▶ [Given entries]:
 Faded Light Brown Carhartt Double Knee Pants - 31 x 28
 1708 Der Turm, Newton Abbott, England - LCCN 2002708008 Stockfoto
---
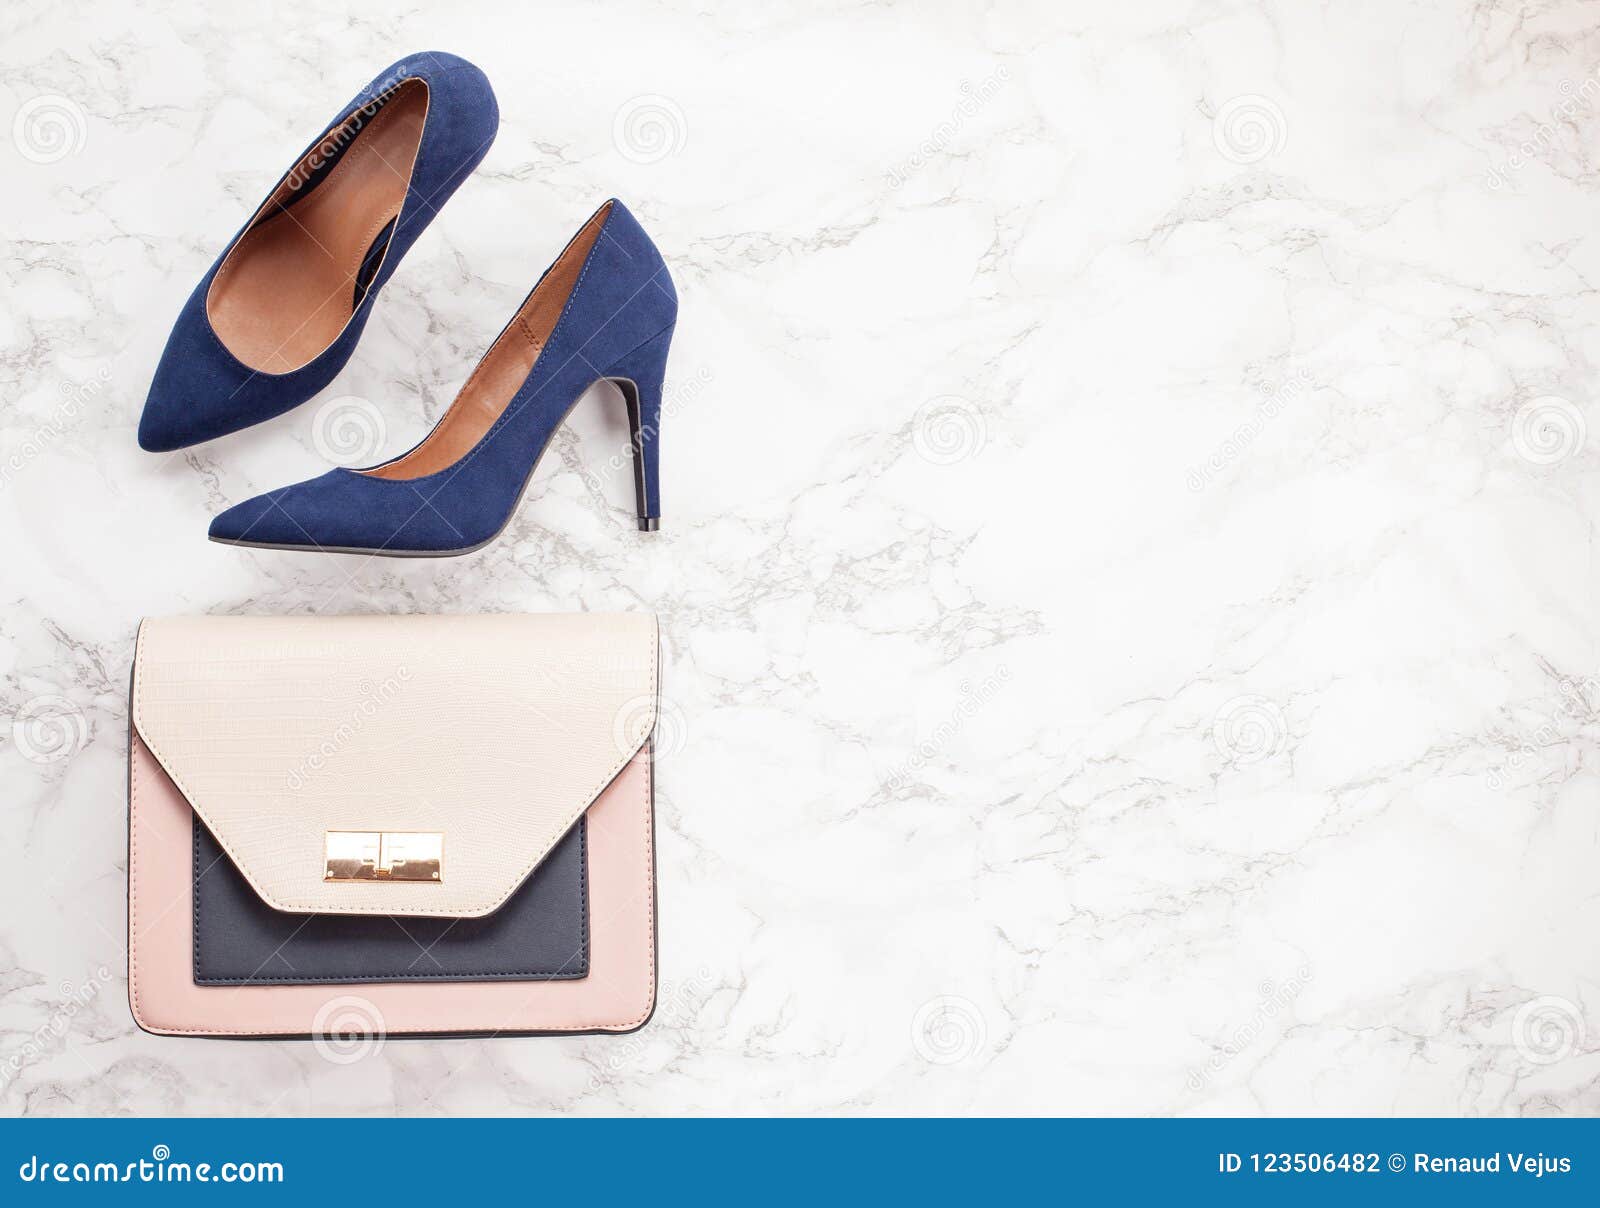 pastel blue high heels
--
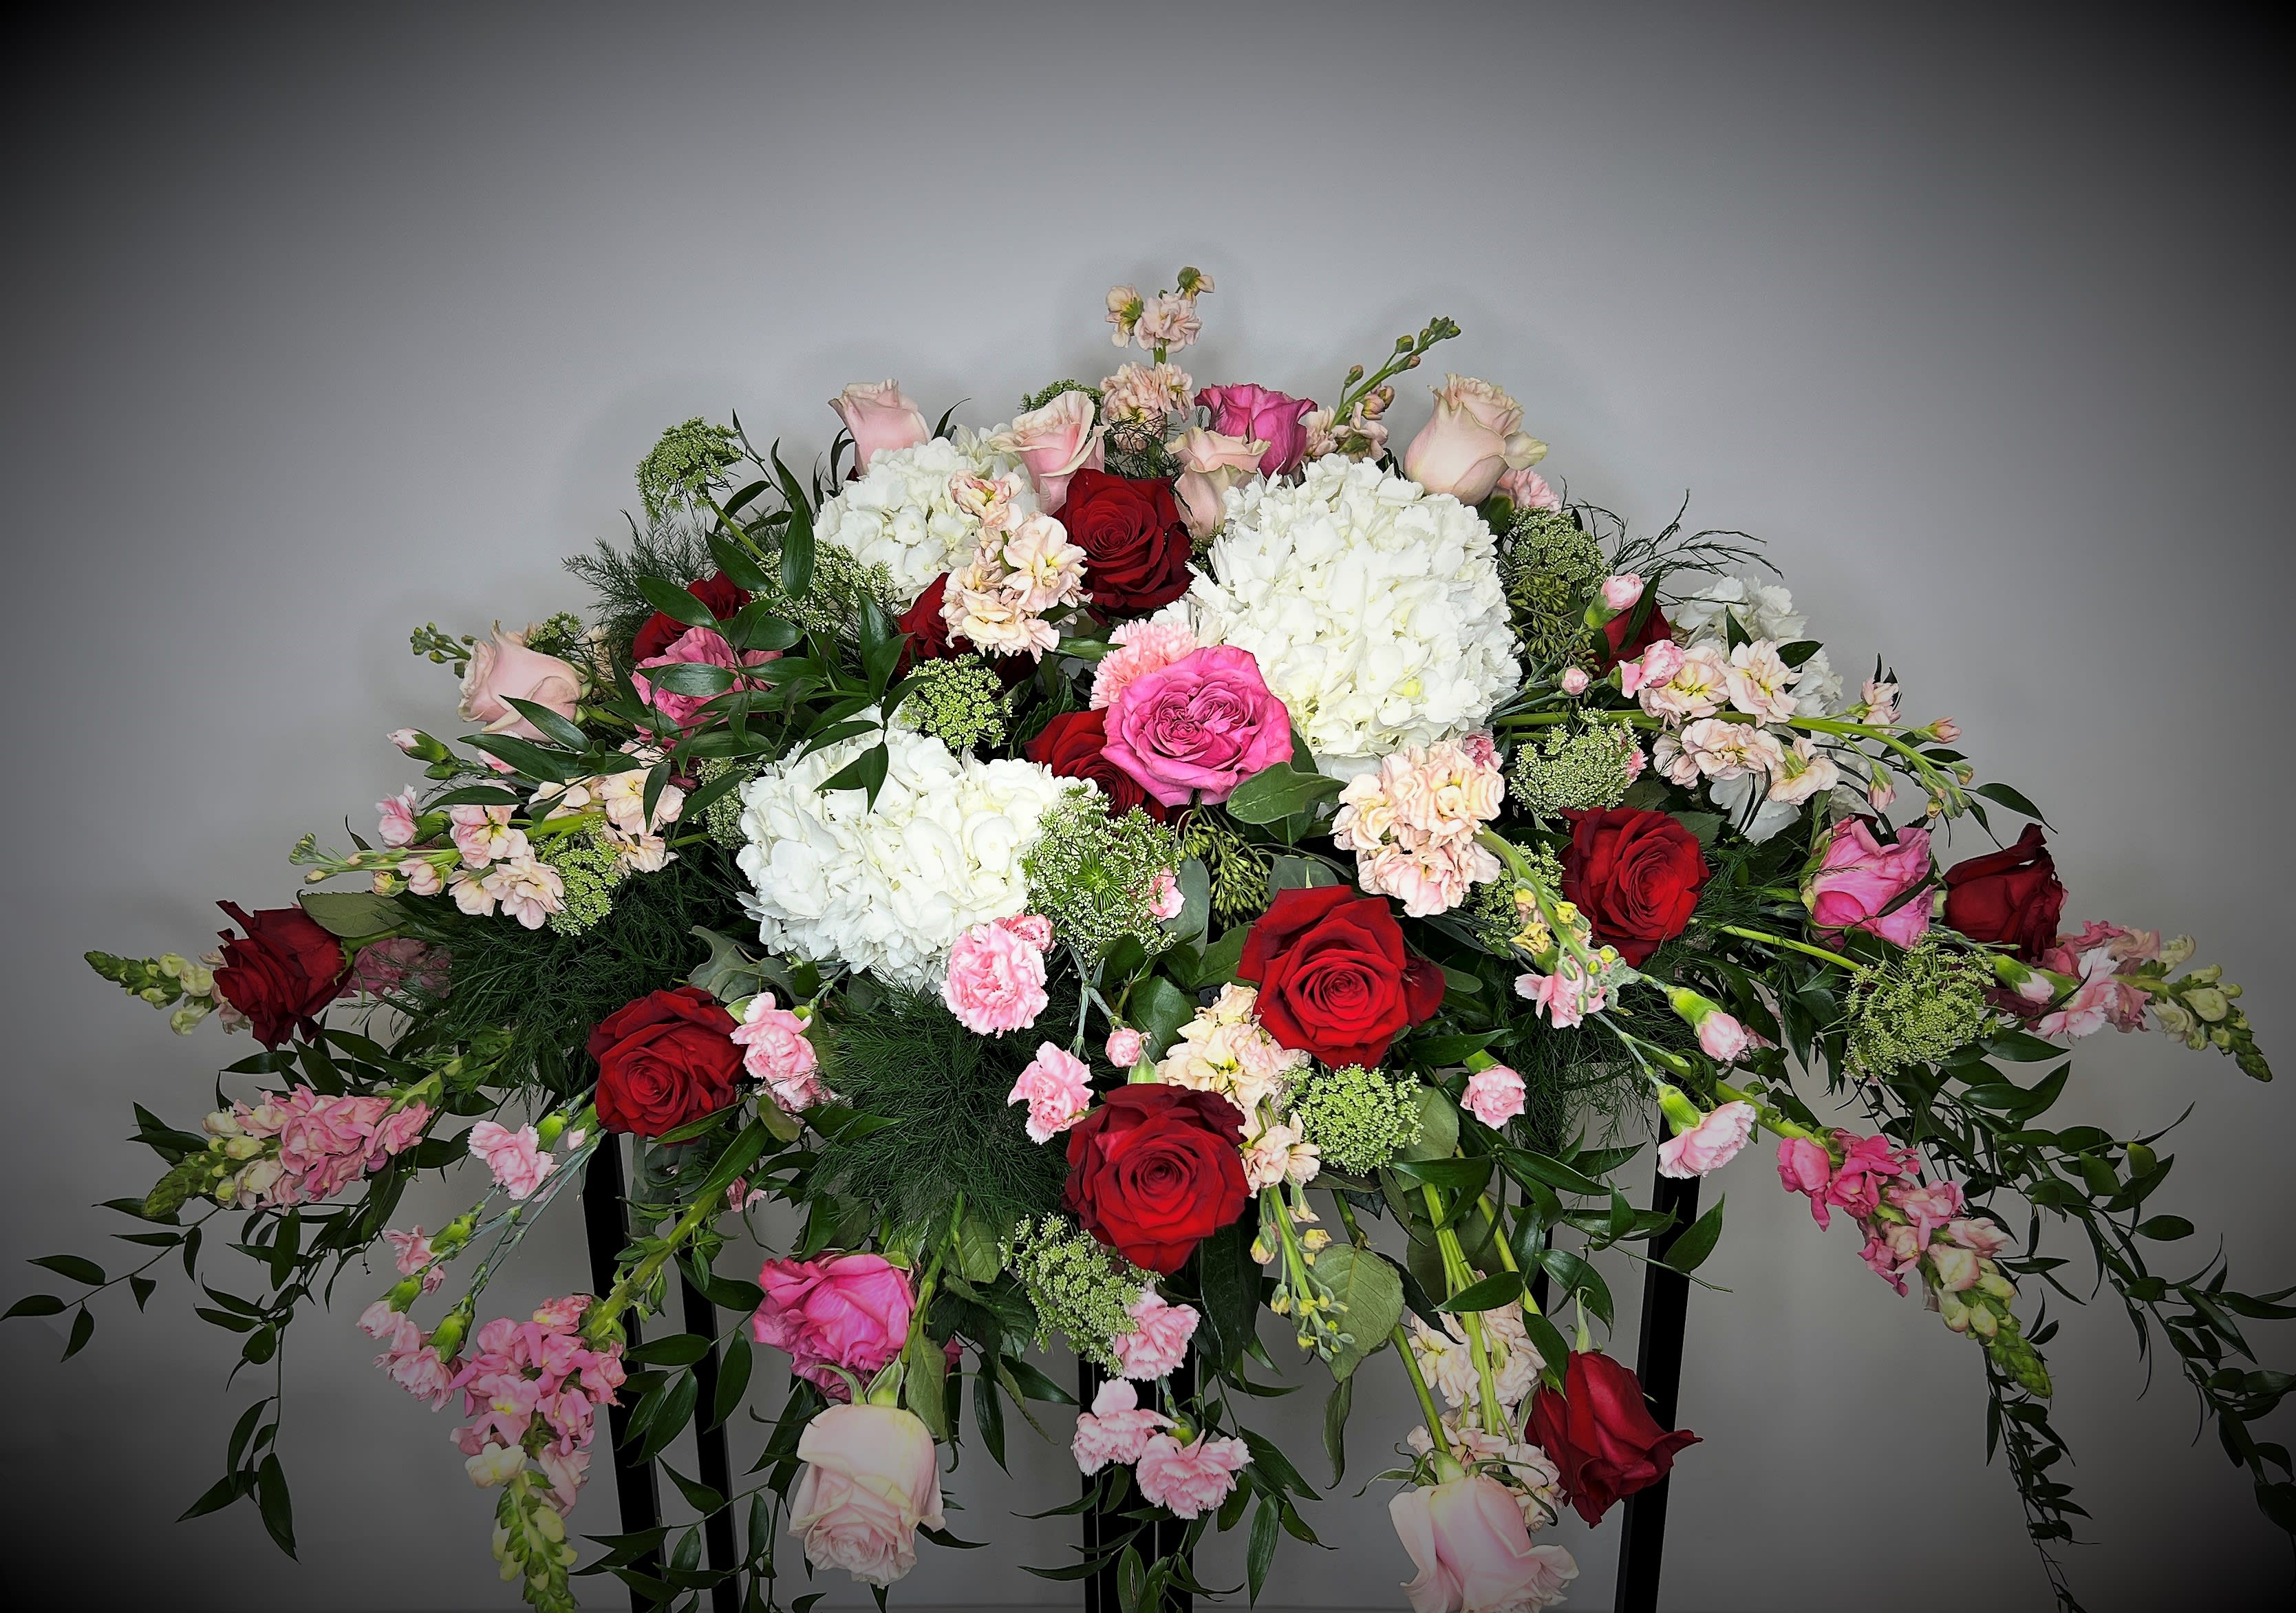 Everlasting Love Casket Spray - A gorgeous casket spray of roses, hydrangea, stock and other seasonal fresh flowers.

▶ [Work order]:
After locating the line with "Faded Light Brown" above, return that line and every later line through the one with "1708 Der Turm, Newton", word for word and with nothing else.

▶ [Answer to this problem]:
 Faded Light Brown Carhartt Double Knee Pants - 31 x 28
 1708 Der Turm, Newton Abbott, England - LCCN 2002708008 Stockfoto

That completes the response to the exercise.